The following example function does a binary search (by reducing a bracket around the target value step by step) inside an ordered array:

/*@
requires len > 0;
requires \valid_read(data + (0 .. len-1));
requires \forall int i,j; 0 <= i <= j < len ==> data[i] < data[j];
behavior found:
requires \exists int i; 0 <= i < len ==> data[i] == key;
ensures \result >= 0 && \result < len;
behavior notfound:
requires \forall int i; 0 <= i < len ==> data[i] != key;
ensures \result == -1;
assigns \nothing;
*/
int searchData(int* data, int len, int key) {
if(len <= 0) { return -1; }

int low = 0;
int up = len-1;

/*@
loop assigns low,up;
loop invariant up < len;
loop invariant low < len;
loop invariant low >= 0;
loop invariant up >= 0;
*/
while(low < up) {
int mid = low + (up - low)/2;
if(data[mid] > key) {
low = mid;
} else if(data[mid] < key) {
up = mid;
} else {
return mid;
}
}
if(data[low] == key) { return low; }
if(data[up] == key) { return up; }
return -1;
}


## Predicates and logic functions

Predicates are the (pure) function equivalent to C functions. They allow to write the conditions we have already used and name them. They can receive arguments as functions from programming languages and have to be either true or false. These can then be used later on in different places.

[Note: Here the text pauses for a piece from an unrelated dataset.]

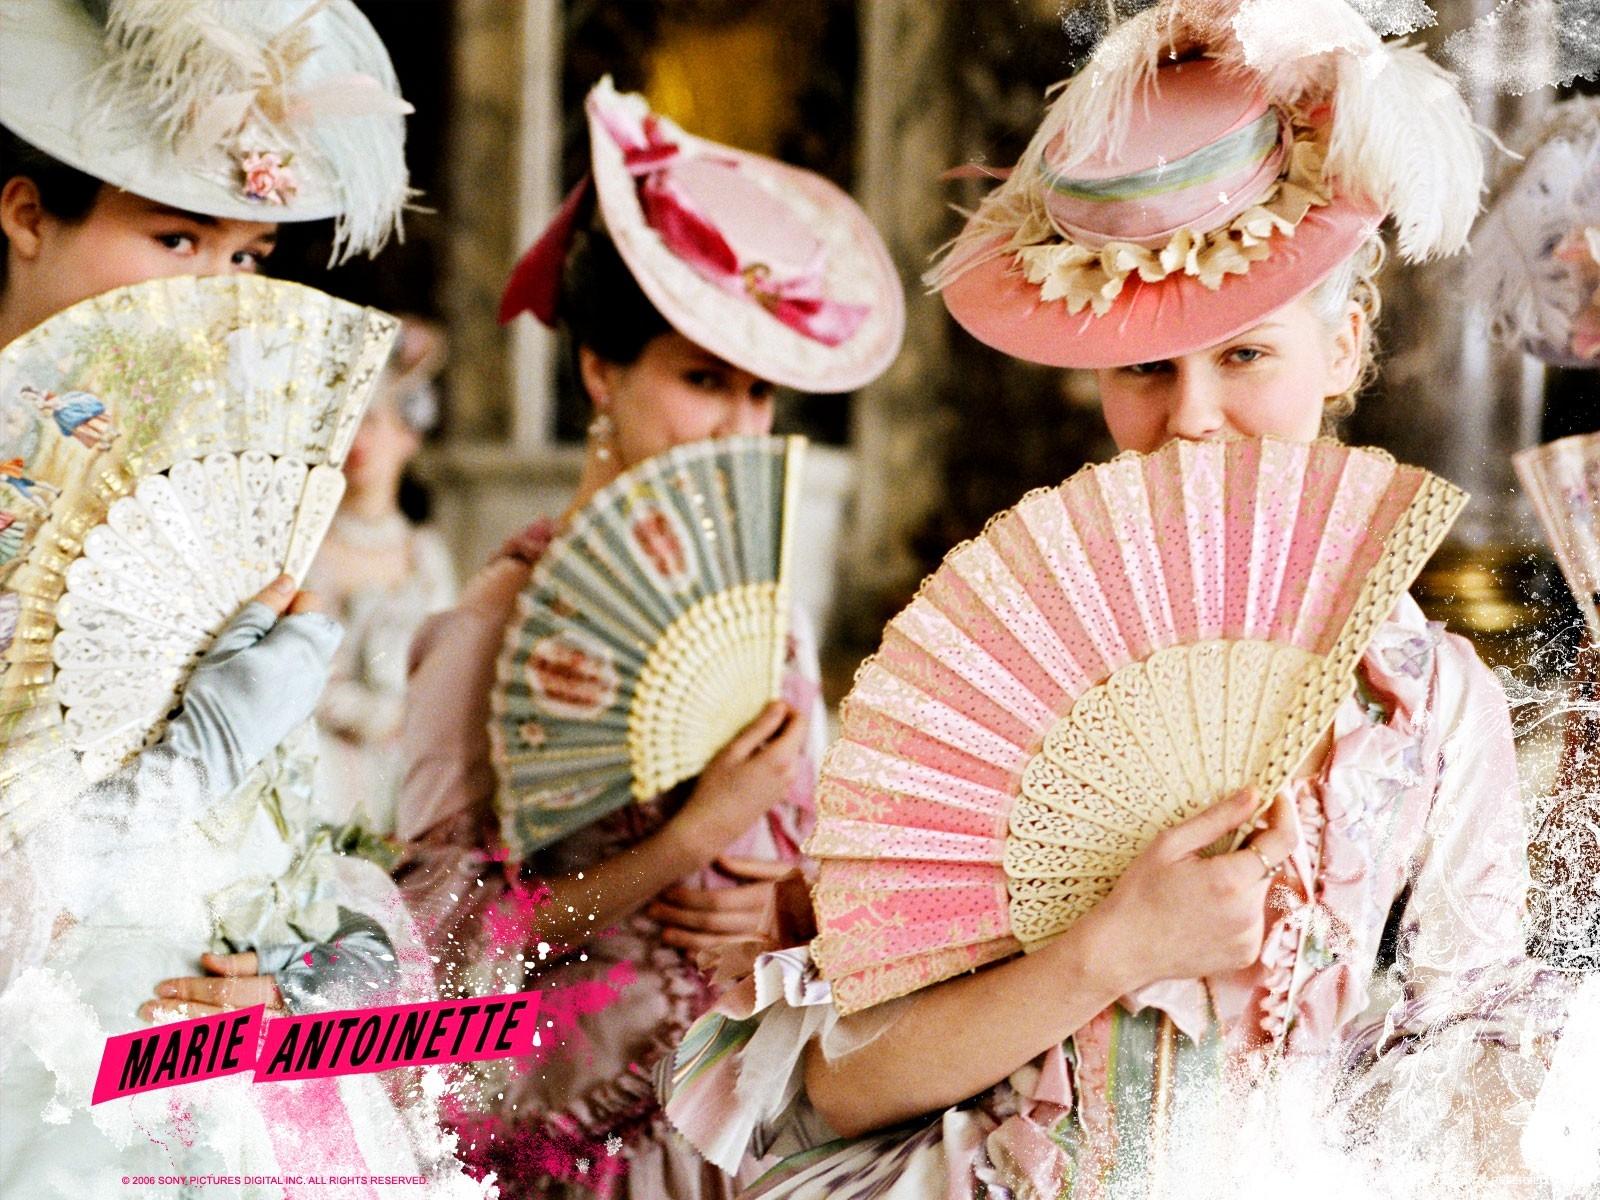 Wallpaper del film Marie Antoinette con Kirsten Dunst

For example the previous searchData function can be rewritten with predicates:

/*@
predicate orderedIntArray(int* data, size_t len, int val) =
len > 0 &&
\valid_read(data + (0 .. len-1)) &&
\forall int i,j; 0 <= i <= j < len ==> data[i] < data[j];
predicate elementInIntArray(int* data, size_t len, int val) =
len > 0 &&
\valid_read(data + (0 .. len-1)) &&
\exists int i; 0 <= i < len ==> data[i] == key;
*/
/*@
requires orderedIntArray(data, len, key);
behavior found:
requires elementInIntArray(data, len, key);
ensures \result >= 0 && \result < len;
behavior notfound:
requires !elementInIntArray(data, len, key);
ensures \result == -1;
assigns \nothing;
*/
int searchData(int* data, int len, int key) {
if(len <= 0) { return -1; }

int low = 0;
int up = len-1;

/*@
loop assigns low,up;
loop invariant up < len;
loop invariant low < len;
loop invariant low >= 0;
loop invariant up >= 0;
*/
while(low < up) {
int mid = low + (up - low)/2;
if(data[mid] > key) {
low = mid;
} else if(data[mid] < key) {
up = mid;
} else {
return mid;
}
}
if(data[low] == key) { return low; }
if(data[up] == key) { return up; }
return -1;
}


As with C++ predicates can be overloaded as long as they differ in their type signature.

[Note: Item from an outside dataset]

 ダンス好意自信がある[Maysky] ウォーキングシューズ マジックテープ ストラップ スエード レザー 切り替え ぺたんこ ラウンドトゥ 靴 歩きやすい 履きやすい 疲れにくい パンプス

Logic functions on the other hand can be functions that describe program behaviour in a logical expression (for example the calculation performed by an function). These can be used in any comparison or similar context:

    /*@
logic vectorInProduct2D(int* v1, int* v2) = v1[0] * v2[0] + v1[1] + v2[1];
*/


One can of course use recursion to realize loops but has to take care of the limits of the proof assistant used to verify the expression.